The problem posed in the basic study of integration is to find for the graph of a particular function $f(x)$ , the area under the curve of $f$ between two points. As seen here:

The process is to take a set of intervals $(x_{i} - x_{i-1}) = \Delta x$ along a segment of the x-axis, and treat each such interval as the base of a rectangle, with the value for $f(x_{i})$ as the height of our rectangle, then summing each rectangle allows us to calculate the approximate area under the curve. An increase in exactitude can be achieved as we reduce the base of each rectangle so that “intuitively” no rectangle exceeds or “dips” under the height of the curve .

As can be seen here the rectangles can extend above and below the x-axis, but the result is the same the smaller we set the base of our rectangles, the more accurately we approximate the space between the axis and the curve.

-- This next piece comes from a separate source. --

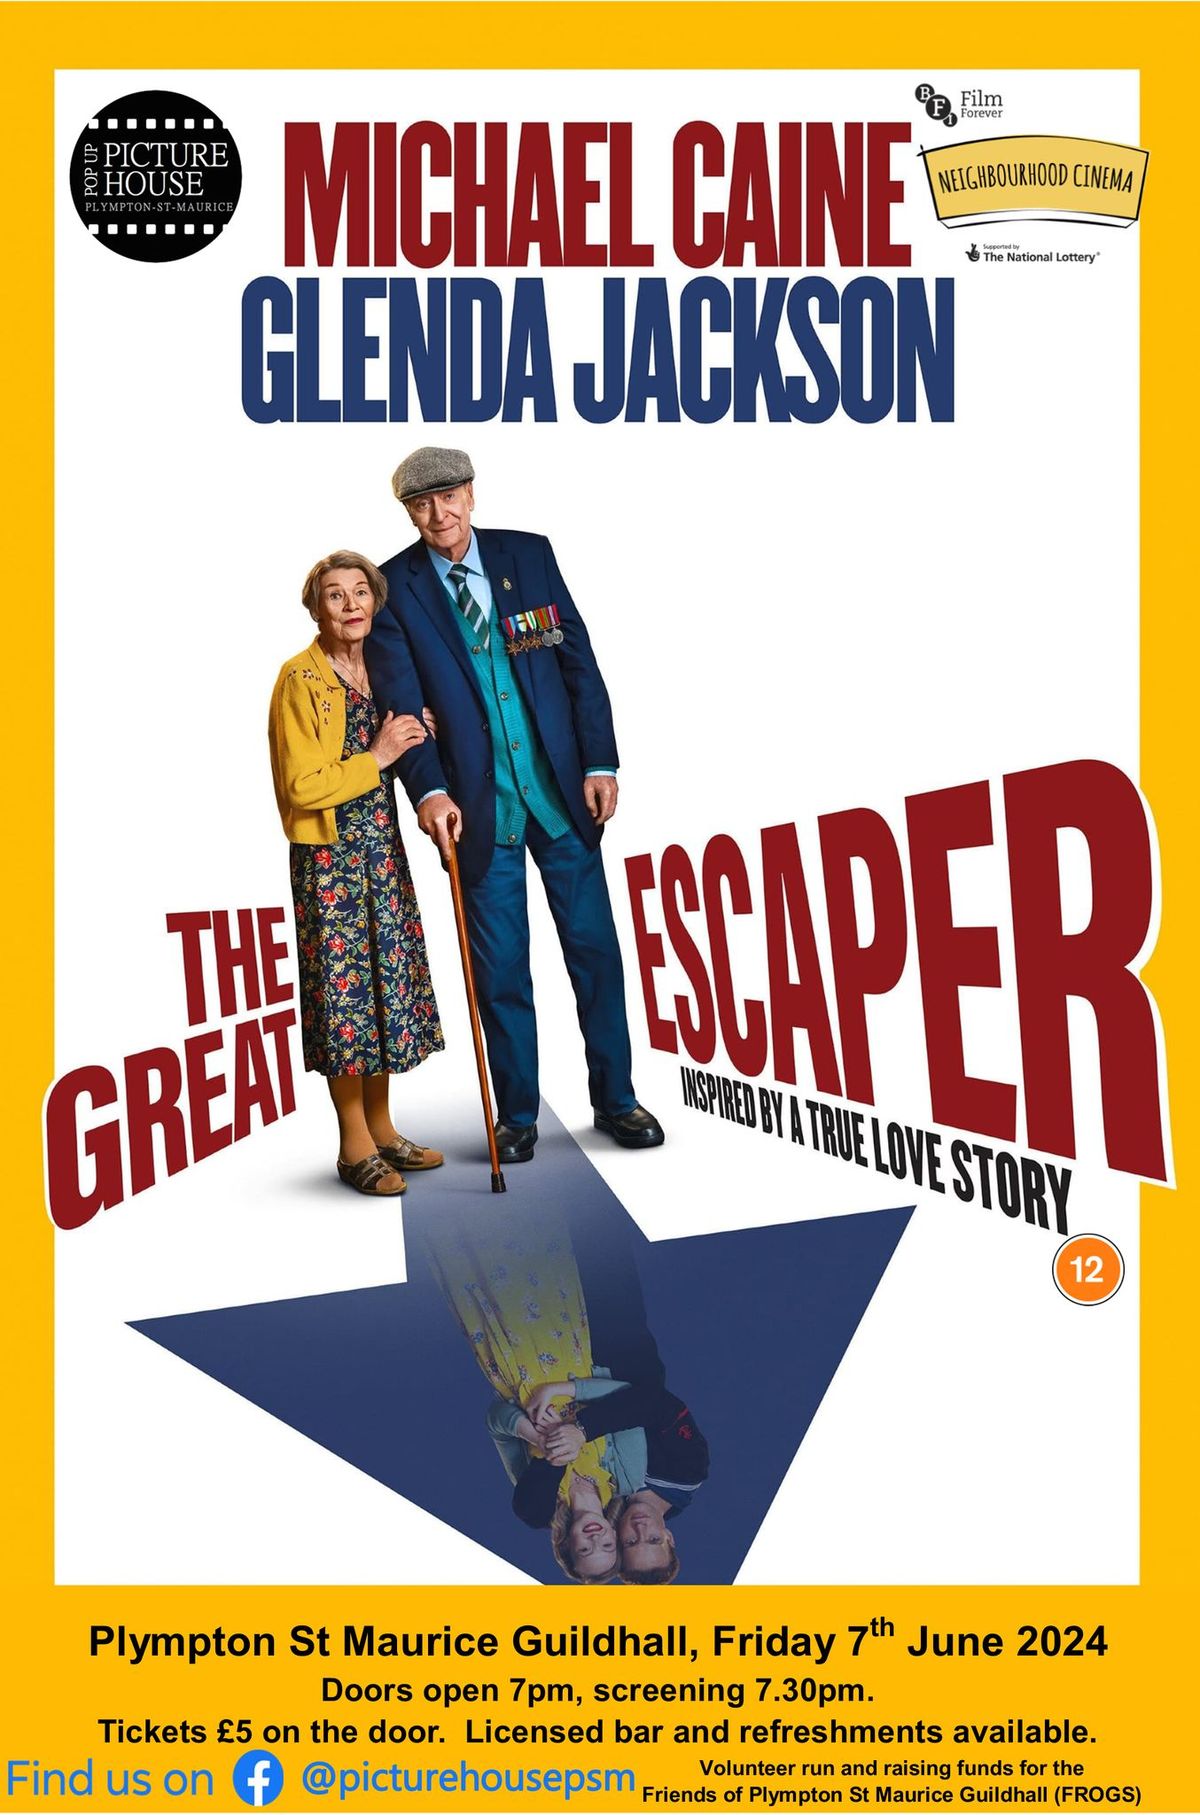 The Great Escaper (12)

So at first glance this technique seems merely about calculating an area $A$ . Formally we denote this as follows:

Let $a, b$ be two points on the x-axis and $f$ , then we divide the segment as follows:

$a = x_{0} < x_{1} < x_{2} < x_{3} .... x_{n-1} < x_{n} = b$

and we set $x_{i} - x_{i-1} = \Delta x$ as before. Now to calculate the area of those rectangles we need to define the summation of the products:

$A = \sum\limits_{i}^{n} f(x_{i}) \Delta x$

But this will be inexact unless we shrink the base of these rectangles i.e. $\Delta x$ as described above. To achieve this last specification we simply take the limit of $A$ as $\Delta x$ approaches zero. This process is called integration. Formally:

$\int\limits_{a}^{b}f(x_{i}) \Delta x$ $= \lim_{\Delta \to 0} \sum\limits_{i}^{n} f(x_{i}) \Delta x$

More specifically this is a definite integral since we have specified the bound $a, b$ but we need not. If instead we treat the bounds as variable then we still have a function known as the indefinite integral.

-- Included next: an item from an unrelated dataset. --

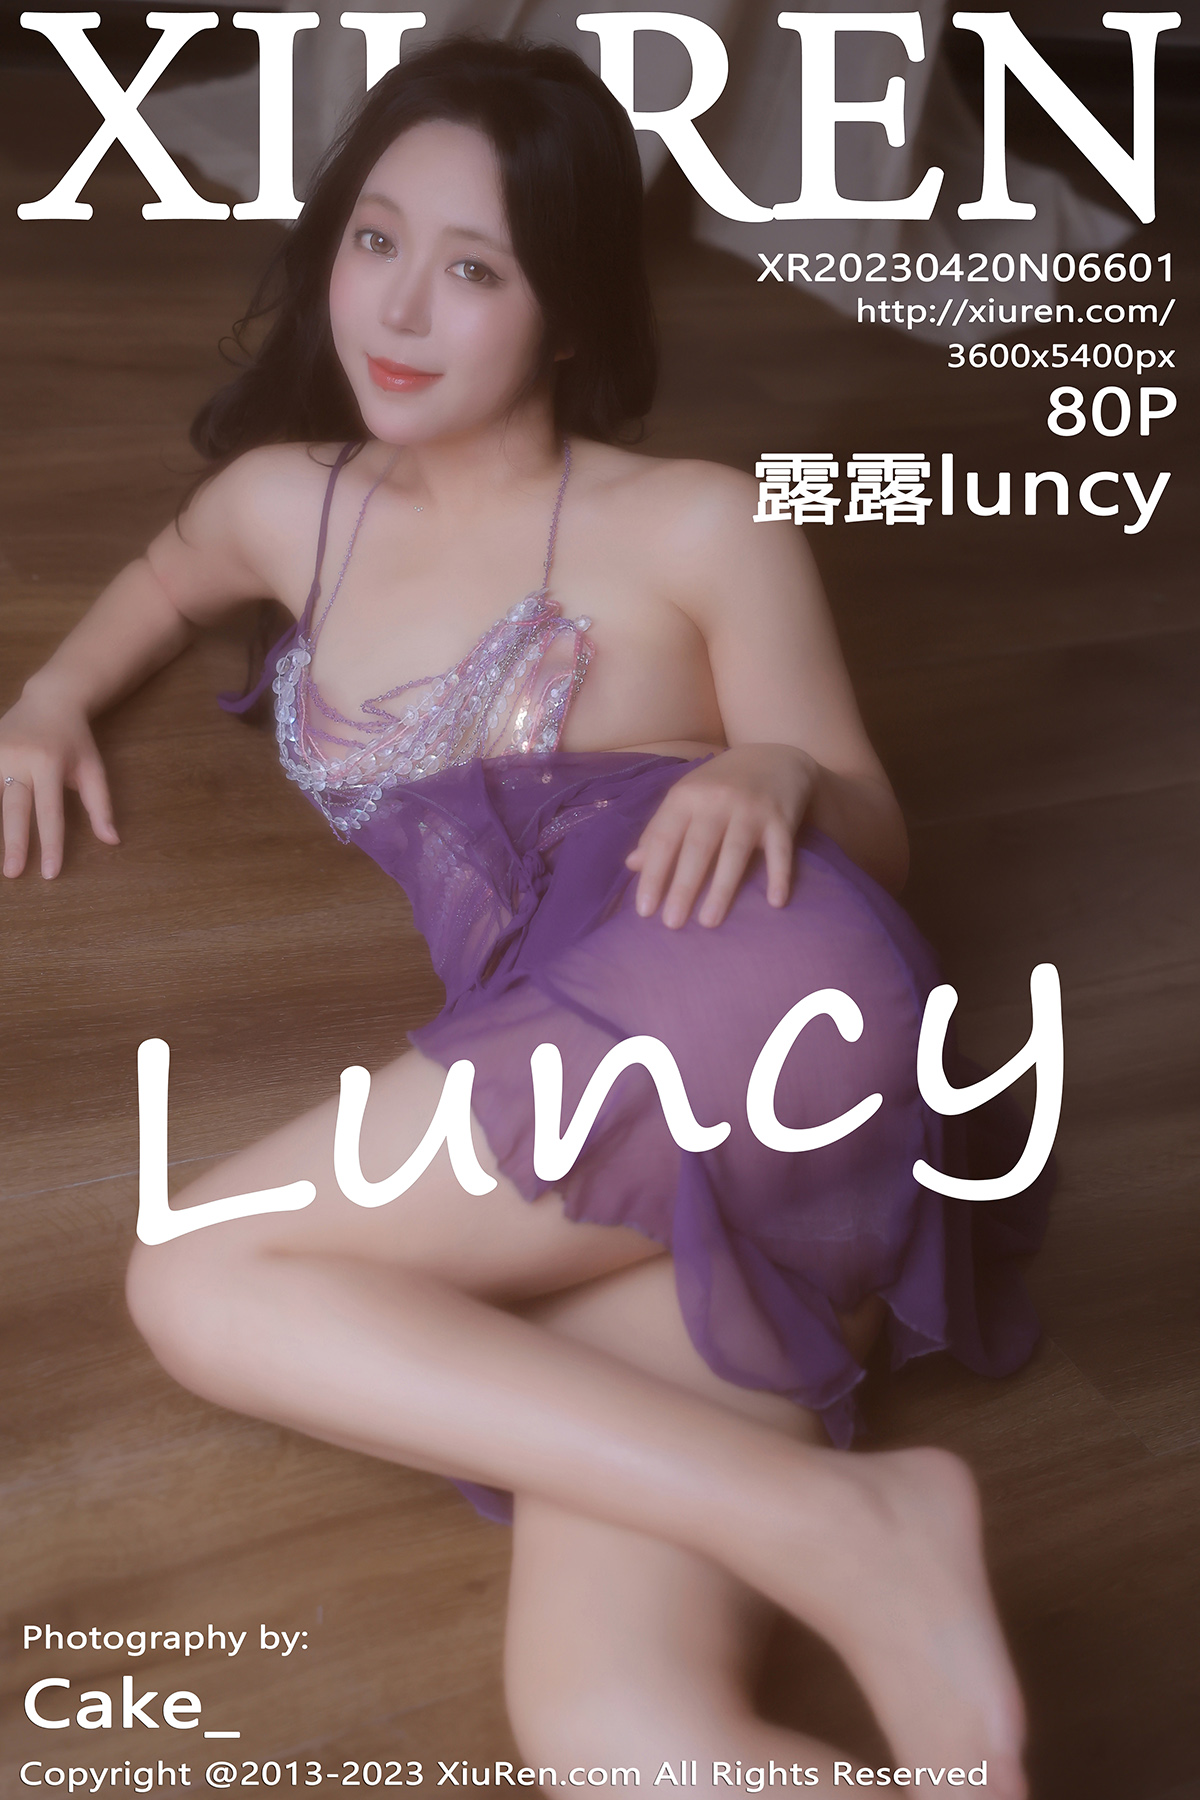 秀人 [XIUREN] 2023.04.20 露露luncy

The Summation/Difference Property:

We want to show that:

$\int\limits_{a}^{b} [f(x) + g(x)] \Delta x = \int\limits_{a}^{b} f(x) \Delta x + \int\limits_{a}^{b} g(x) \Delta x$

but this is almost self evident as we can see:

$\lim_{\Delta \to 0} [ \sum\limits_{i}^{n} f(x_{i}) \Delta x] + \lim_{\Delta \to 0} [ \sum\limits_{i}^{n} g(x_{i}) \Delta x ]$

is by the distributive properties of limits equivalent to:

$\lim_{\Delta \to 0} [ \sum\limits_{i}^{n} f(x_{i}) \Delta x] + [ \sum\limits_{i}^{n} g(x_{i}) \Delta x]$

but by distribution and rearranging we get:

$\lim_{\Delta \to 0} \sum\limits_{i}^{n}$ $[f(x_{i}) + g(x_{i})] \Delta x$

which is exactly:

$\int\limits_{a}^{b} [f(x) + g(x)] \Delta x$

as desired. An exactly analogous proof applies to show that $\int$ distributes over the difference of two functions.

The Mean Value Theorem(s):

First note that for any continuous function there is a maximum and minimum point on the interval i.e. there exists a point at the lowest or highest depth of the curve. Now suppose $f$ is defined in the closed interval $[a. b]$ and is differentiable in the open interval $(a, b)$ , we will show that if $f(a) = f(b) = k$ , then there is a point $c \in (a, b)$ such that $f'(c) = 0.$ This result is known as Rolle’s Theorem.

There are three cases (i) where $f(x) = k$ is defined as a constant function with value $k$ and the limit of a constant function collapses to 0 at all points, so this would prove the theorem.

If on the other hand (i) $m< k$ or (ii) $k > M$ then there is slightly more work to be done. There are two sub-cases but both are analogous so we prove (ii): Suppose $k > M$ , then pick a point $c$ such that $f(c) = M$ . This satisfies the hypothesis so it remains to show that $f'(c) = 0.$ We do this by reductio, but first we prove a small lemma.

Lemma: If f'(p) is positive (negative) then f is increasing(decreasing) at a neighborhood of p.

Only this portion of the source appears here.